For you the 4-Ac falling off and translocating is a bit more relevant than that... also consumed in solution these compounds are very powerful, especially psilocin, comes up ferociously...
 
Last edited:
Corrected my post - the 'what did I take' was a bit poorly worded considering the rules

You should not put drugs like 4-AcO-DMT in solution, this alone affects the compound as you have seen.

The product you witnessed contained tryptamines with the acetyl translocated to the 1-position (like ALD-52 has!), and also some polymerization products. Gunk...

But yeah a part can still be active, and perhaps a bit like the ALD-52 version of psilocin.

I have been wondering here out loud for quite a while what 1-acyl tryptamines would be like, especially ones like DMT that cannot be taken orally. Probably for DMT it is not a good idea as logic tells me it wouldn't be that active anymore in any way.

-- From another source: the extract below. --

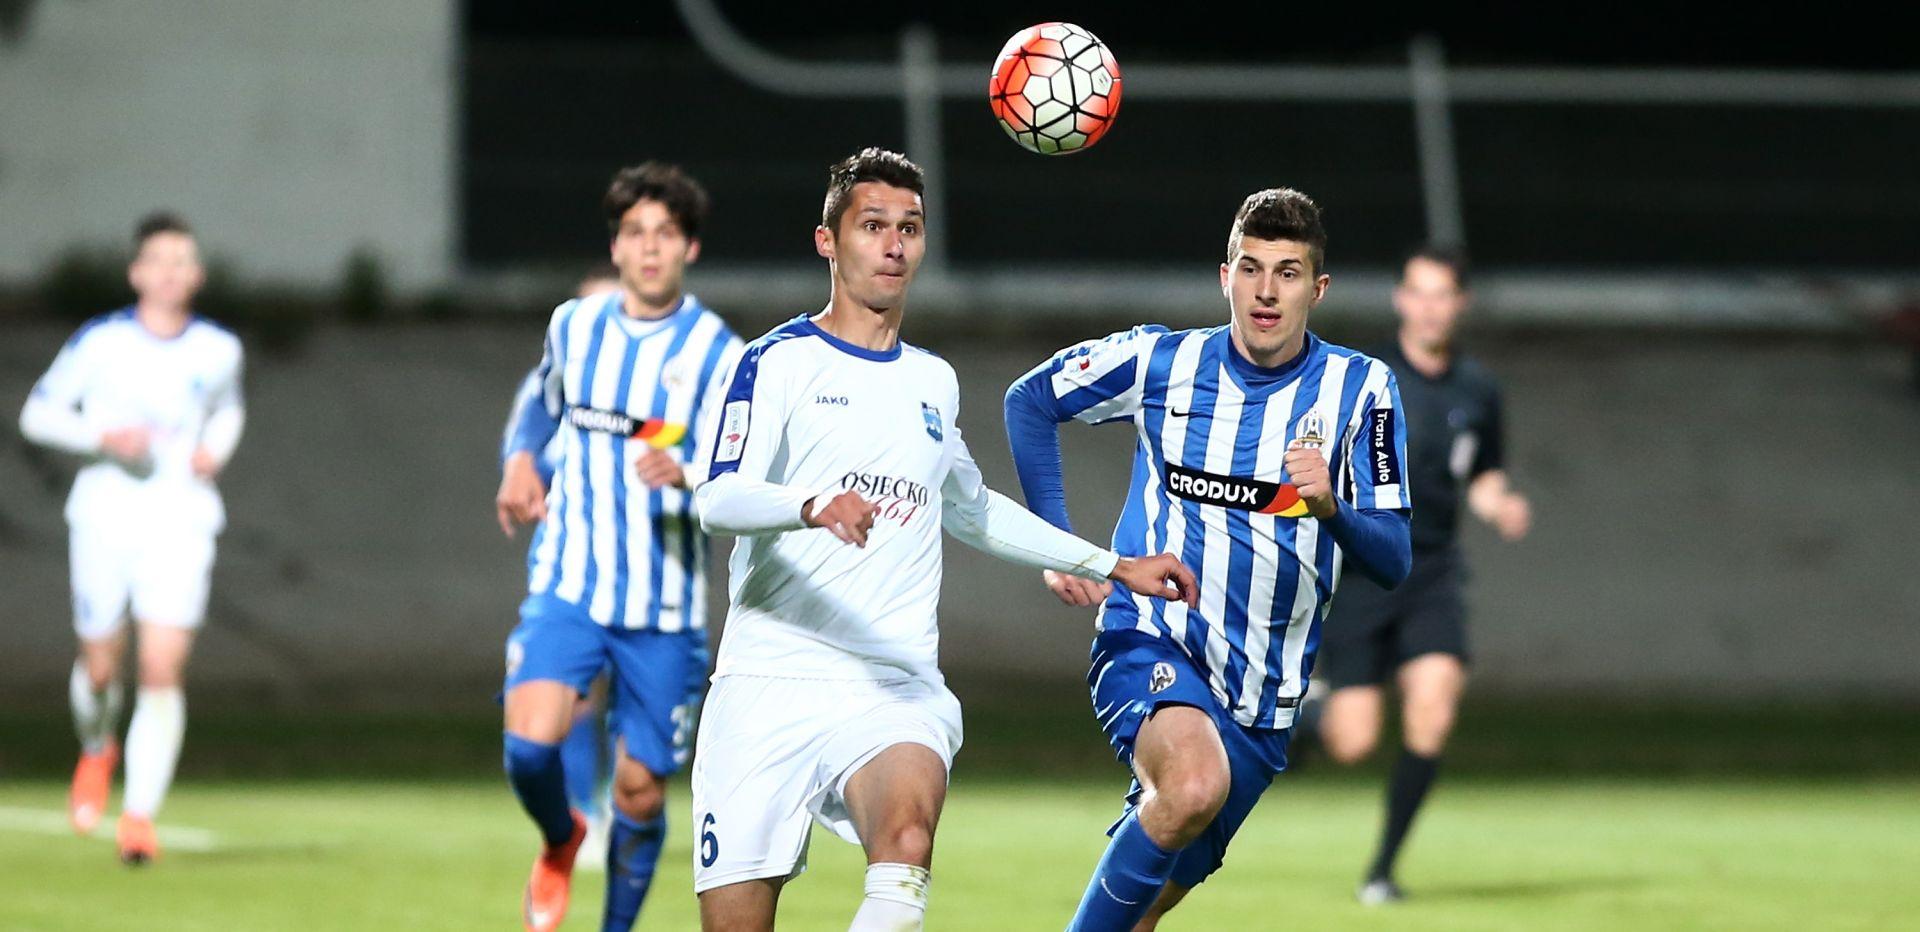 HNL Lokomotiva slavila protiv Osijeka, pobjegla Splitu na +5

For other tryptamines I have doubts that it really matters much (as in: is ALD-52 distinguishable from LSD in a double blind test?), although I had been wondering about the possibility of 1P-psilocin for example since psilocin is illegal. The traces of psilocin present would always be a legal problem probably, though you could argue the amounts are tiny and you would not have personally or intentionally produced it as a degradation product.
For you the 4-Ac falling off and translocating is a bit more relevant than that... also consumed in solution these compounds are very powerful, especially psilocin, comes up ferociously...

So you're saying I converted it into a compound with an acetyl group attached to the N on the indole? It was certainly active, with a fast and sudden comeup, and a short and powerful trip.

And yeah this was back in my more novice days... I know now that tryptamines in solution don't keep.
 
Yes that's what I'm saying, but whether it's on the 4 or on the indole N, it's expected to fall off in the body so the possible difference would be
- kinetics
- other products from such translocation like the tryptamines with an 1-acetyl (1 is the indole N) but that still also have their 4-AcO and maybe some kinds of dimers (if polymers and maybe oligomers were detected through analysis of black 4-AcO trypt gunk) or somesuch shit

For ALD-52 the 1-acetyl is considered to be problematic for binding and thus being active itself rather than just being a pro-drug... however phens, trypts and lysergamides can bind in surprisingly different ways to the receptor. Just when you think you see the similarity between them, turns out that one binds flipped / inverted compared to the other!! Meaning: i don't believe it is established at all (yet) that an 1-acyl on a tryptamines should make it an inactive pro-drug. The matter remains: does it matter if it just falls off fast anyway?

My humble opinion is: maybe it does matter to drug with a rapid come-up time how fast that fast really is. When a drug has kinetics and subjective effects of coming up ferociously like some 4-HO tryptamines, it may matter if it takes 1,5,20 or 45 minutes for most of the acyl to fall off. It may also change lipophilicity and absorption.